Dans son rapport de 20052, le CECEI a considéré, en se fondant sur les travaux préparatoires de la loi du 24 janvier 1984, dite loi bancaire, et dont les dispositions ont été intégrées au Code monétaire et financier, que l’expression légale « délais ou avances de paiement » couvre les opérations de crédit qui, sans être affectées à la couverture d’une vente précise, constituent le complément indissociable d’un contrat commercial.
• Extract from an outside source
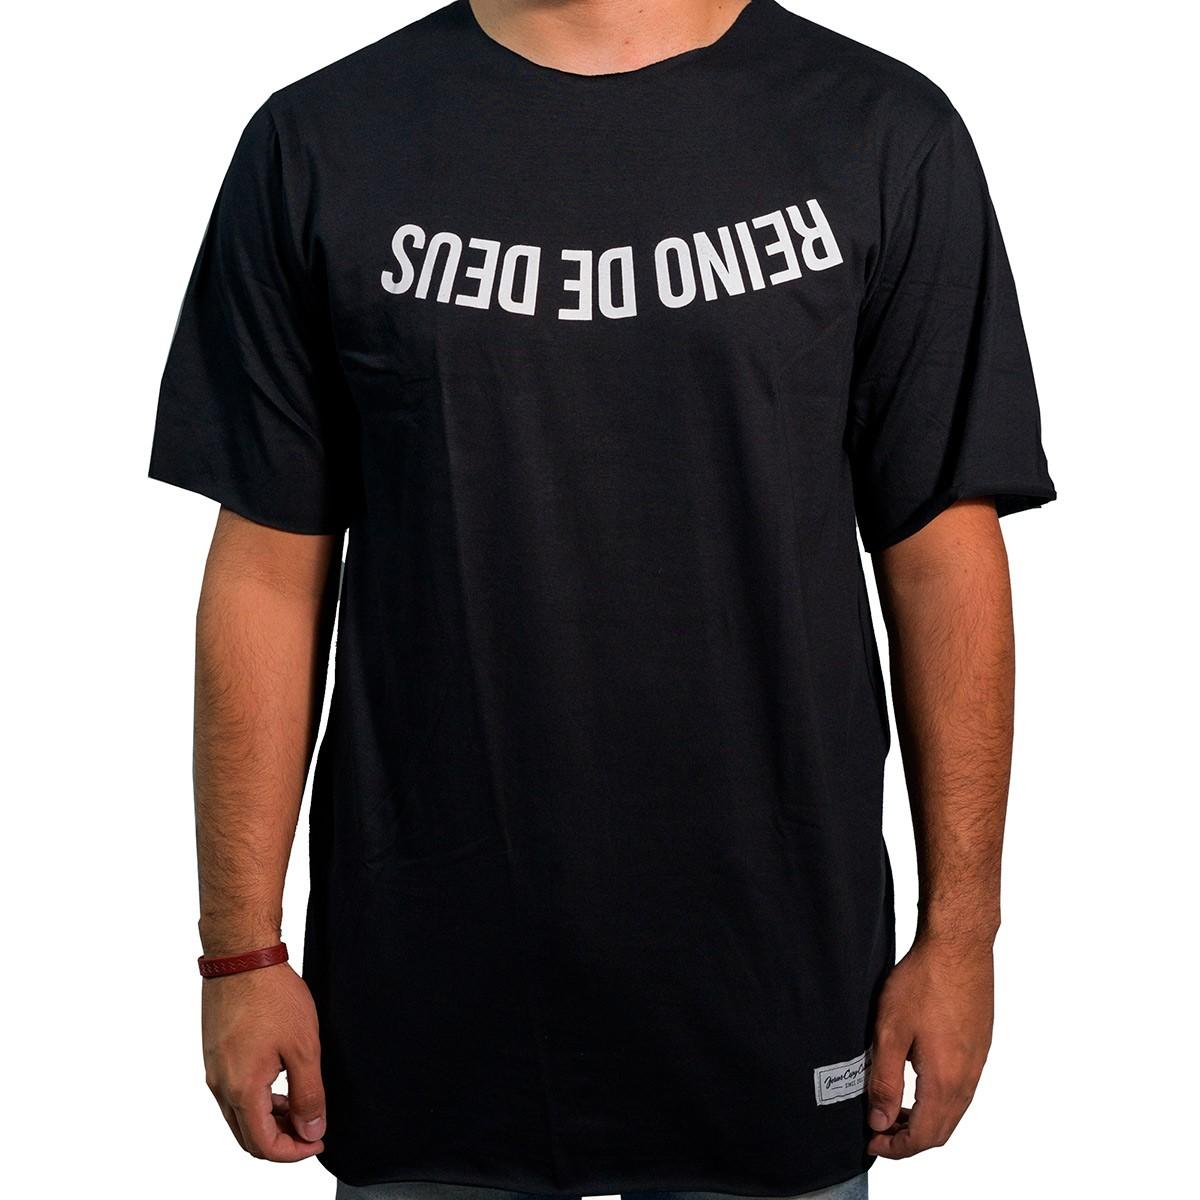 Camiseta Reino de Deus Masculina - #REINODEPONTACABEÇA  - Jesuscopy

De même, le directeur du Trésor a explicité cette exception dans une lettre en date du 6 décembre 1985 : celle-ci couvre « les crédits commerciaux consentis par un fournisseur ou un prestataire de services », de manière plus globale « les opérations qui sont étroitement liées à l’activité commerciale de l’entreprise », dès lors qu’elles « constituent le complément indissociable d’un contrat commercial »3. Et, comme le relèvent des auteurs4, « une réponse ministérielle de 1986, se référant aux travaux parlementaires de la loi n° 84-46 du 24 janvier relative à l’activité et au contrôle des établissements de crédit, d’où procède l’article L. 511-7 du Code monétaire et financier rapporte que les “délais et avances de paiement” visés par la loi couvrent “d’une façon large les crédits commerciaux consentis par un fournisseur ou un prestataire de services”. Le ministre rapporte également des travaux préparatoires que le législateur a “seulement entendu exclure la réalisation à titre habituel d’opérations purement financières” »5. Pourrait être encore citée une lettre de la Banque de France à la chambre syndicale de l’industrie des lubrifiants en date du 15 avril 19876.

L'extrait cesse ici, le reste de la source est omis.